Regulation Number and Section

§ 888.3660 Shoulder joint metal/polymer semi-constrained cemented prosthesis.

(a)
Identification. A shoulder joint metal/polymer semi-constrained cemented prosthesis is a device intended to be implanted to replace a shoulder joint. The device limits translation and rotation in one or more planes via the geometry of its articulating surfaces. It has no linkage across-the-joint. This generic type of device includes prostheses that have a humeral resurfacing component made of alloys, such as cobalt-chromium-molybdenum, and a glenoid resurfacing component made of ultra-high molecular weight polyethylene, and is limited to those prostheses intended for use with bone cement (§ 888.3027).(b)
Classification. Class II. The special controls for this device are:(1) FDA's:
(i) “Use of International Standard ISO 10993 ‘Biological Evaluation of Medical Devices—Part I: Evaluation and Testing,’ ”
(ii) “510(k) Sterility Review Guidance of 2/12/90 (K90-1),”
(iii) “Guidance Document for Testing Orthopedic Implants with Modified Metallic Surfaces Apposing Bone or Bone Cement,”
(iv) “Guidance Document for the Preparation of Premarket Notification (510(k)) Application for Orthopedic Devices,” and
(v) “Guidance Document for Testing Non-articulating, ‘Mechanically Locked’ Modular Implant Components,”
(2) International Organization for Standardization's (ISO):
(i) ISO 5832-3:1996 “Implants for Surgery—Metallic Materials—Part 3: Wrought Titanium 6-aluminum 4-vandium Alloy,”
(ii) ISO 5832-4:1996 “Implants for Surgery—Metallic Materials—Part 4: Cobalt-chromium-molybdenum casting alloy,”

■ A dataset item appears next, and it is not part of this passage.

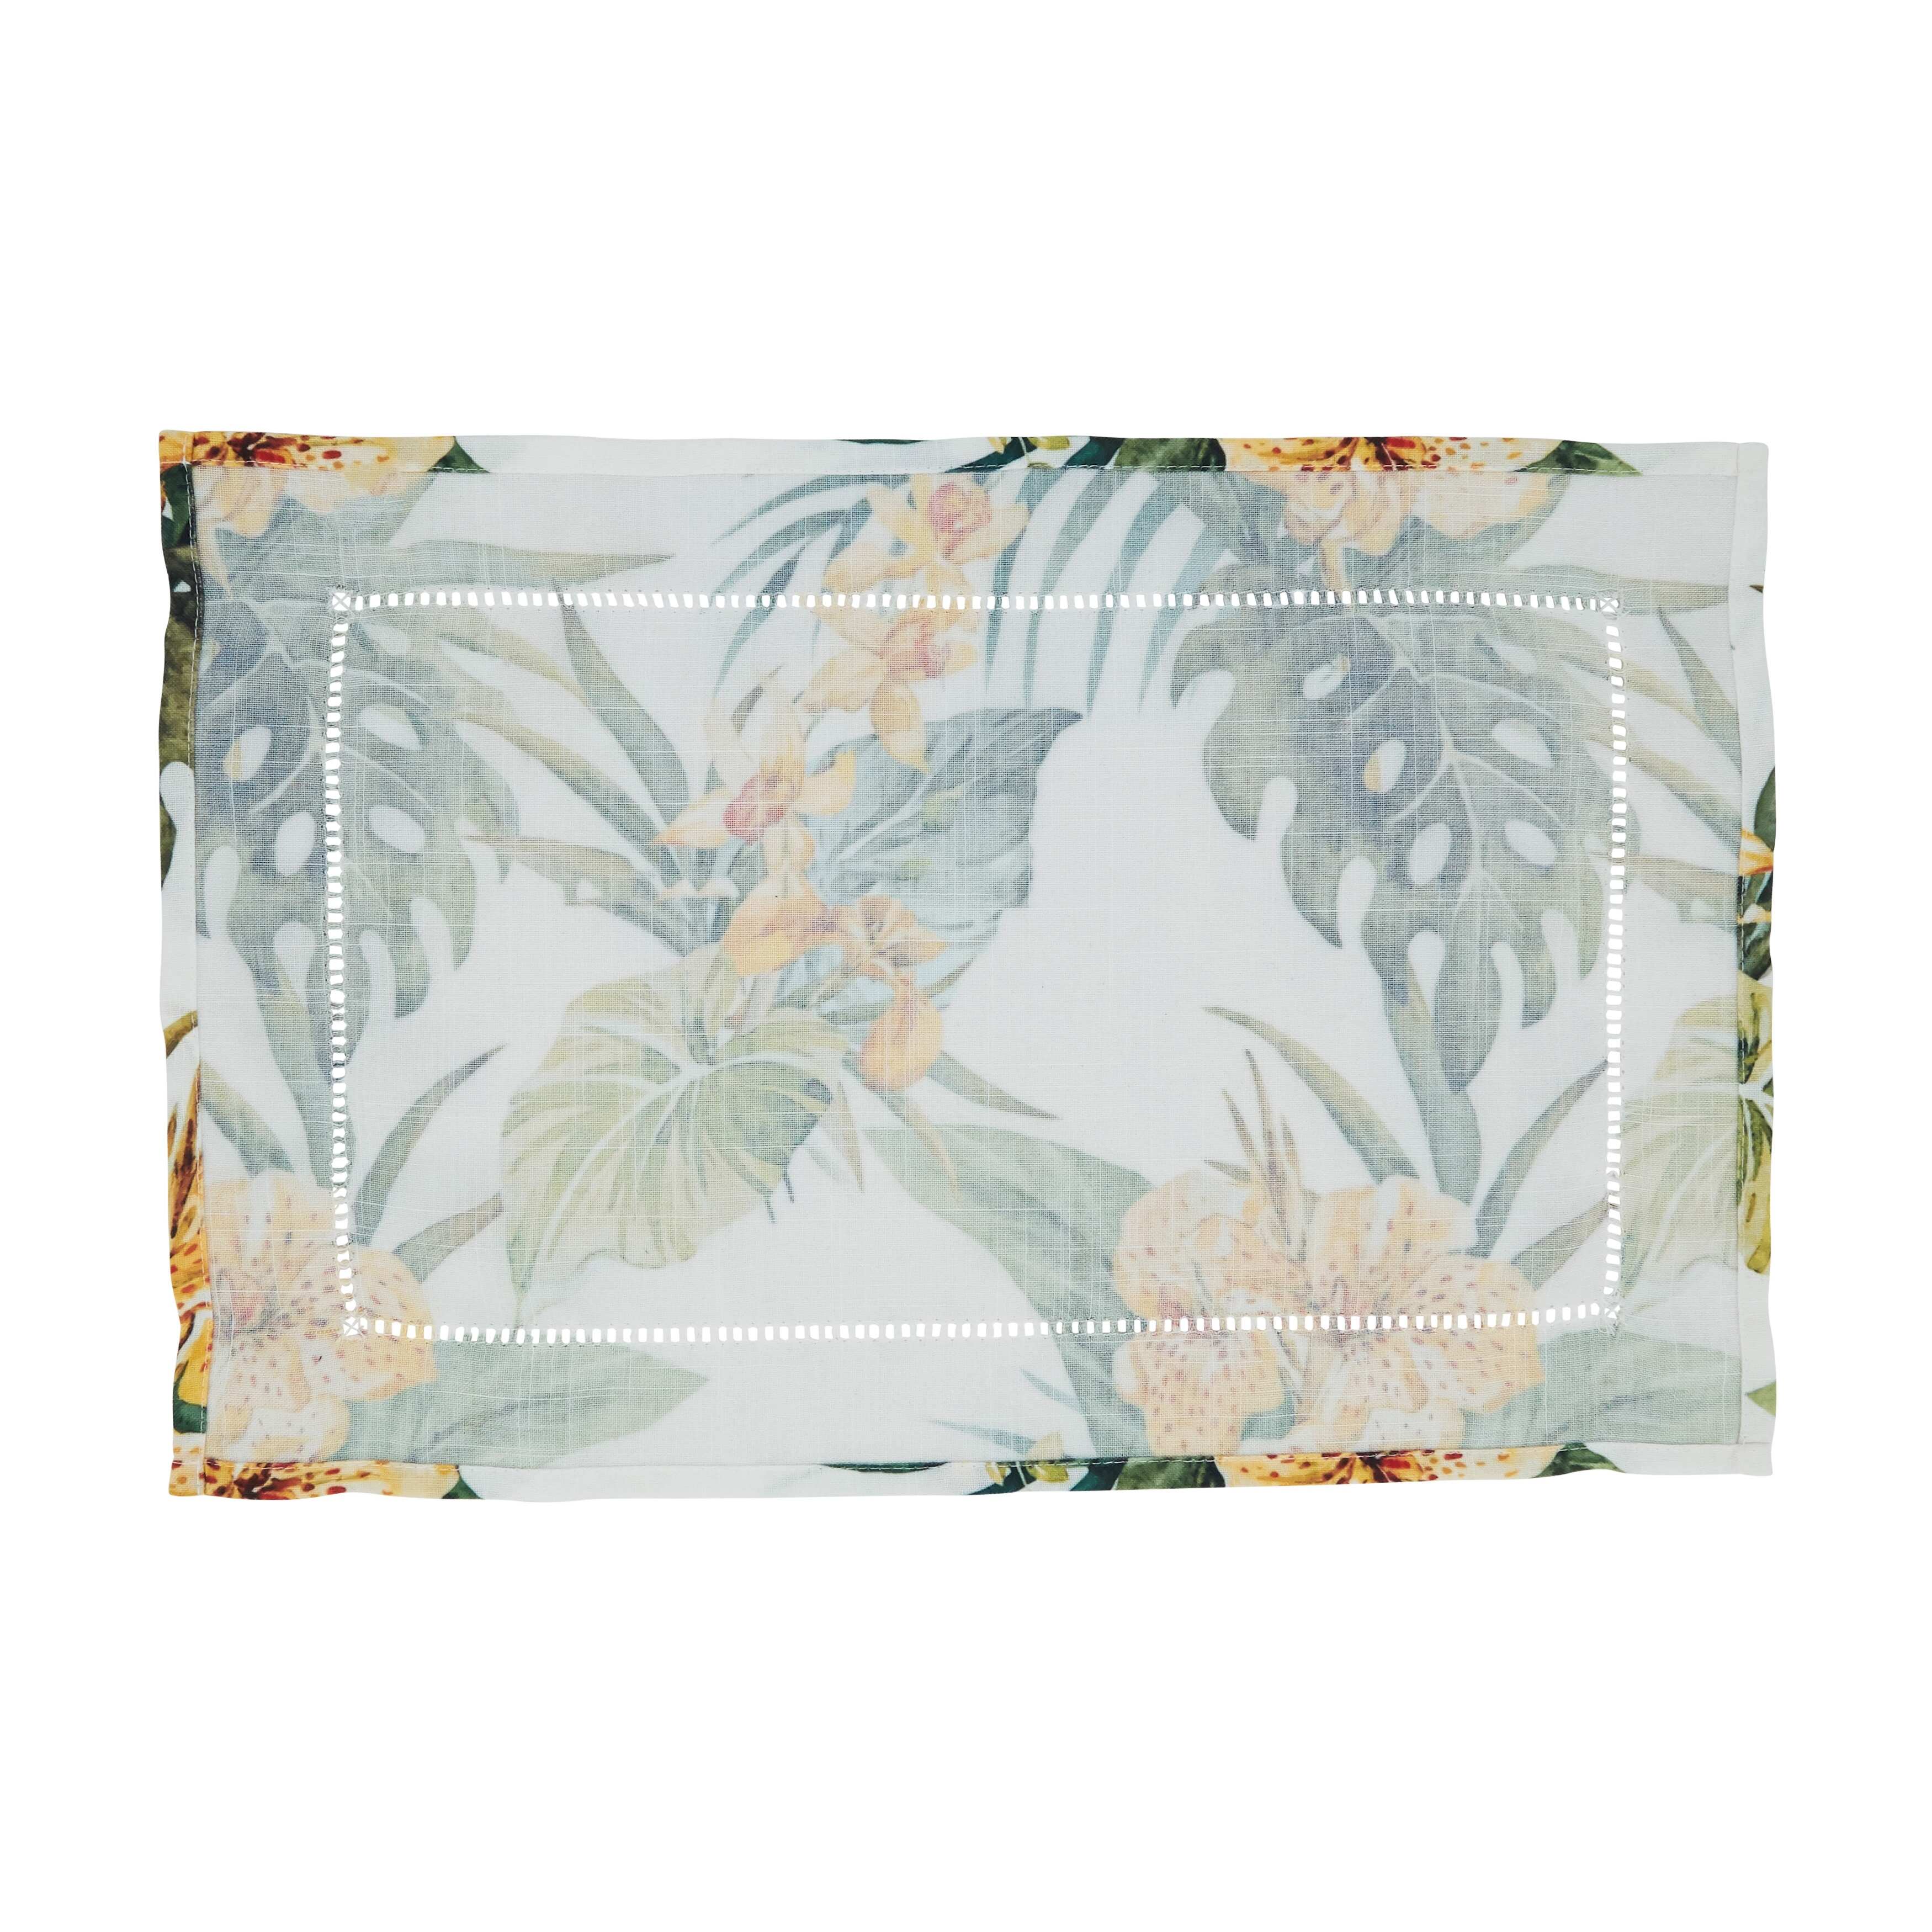 Hemstitch Placemats With Tropical Flower Design (Set of 4)

(iii) ISO 5832-12:1996 “Implants for Surgery—Metallic Materials—Part 12: Wrought Cobalt-chromium-molybdenum alloy,”
(iv) ISO 5833:1992 “Implants for Surgery—Acrylic Resin Cements,”
(v) ISO 5834-2:1998 “Implants for Surgery—Ultra-high Molecular Weight Polyethylene—Part 2: Moulded Forms,”
(vi) ISO 6018:1987 “Orthopaedic Implants—General Requirements for Marking, Packaging, and Labeling,” and
(vii) ISO 9001:1994 “Quality Systems—Model for Quality Assurance in Design/Development, Production, Installation, and Servicing,” and
(3) American Society for Testing and Materials':
(i) F 75-92 “Specification for Cast Cobalt-28 Chromium-6 Molybdenum Alloy for Surgical Implant Material,”
(ii) F 648-98 “Specification for Ultra-High-Molecular-Weight Polyethylene Powder and Fabricated Form for Surgical Implants,”
(iii) F 799-96 “Specification for Cobalt-28 Chromium-6 Molybdenum Alloy Forgings for Surgical Implants,”
(iv) F 1044-95 “Test Method for Shear Testing of Porous Metal Coatings,”
(v) F 1108-97 “Specification for Titanium-6 Aluminum-4 Vanadium Alloy Castings for Surgical Implants,”
(vi) F 1147-95 “Test Method for Tension Testing of Porous Metal,”
(vii) F 1378-97 “Standard Specification for Shoulder Prosthesis,” and
(viii) F 1537-94 “Specification for Wrought Cobalt-28 Chromium-6 Molybdenum Alloy for Surgical Implants.”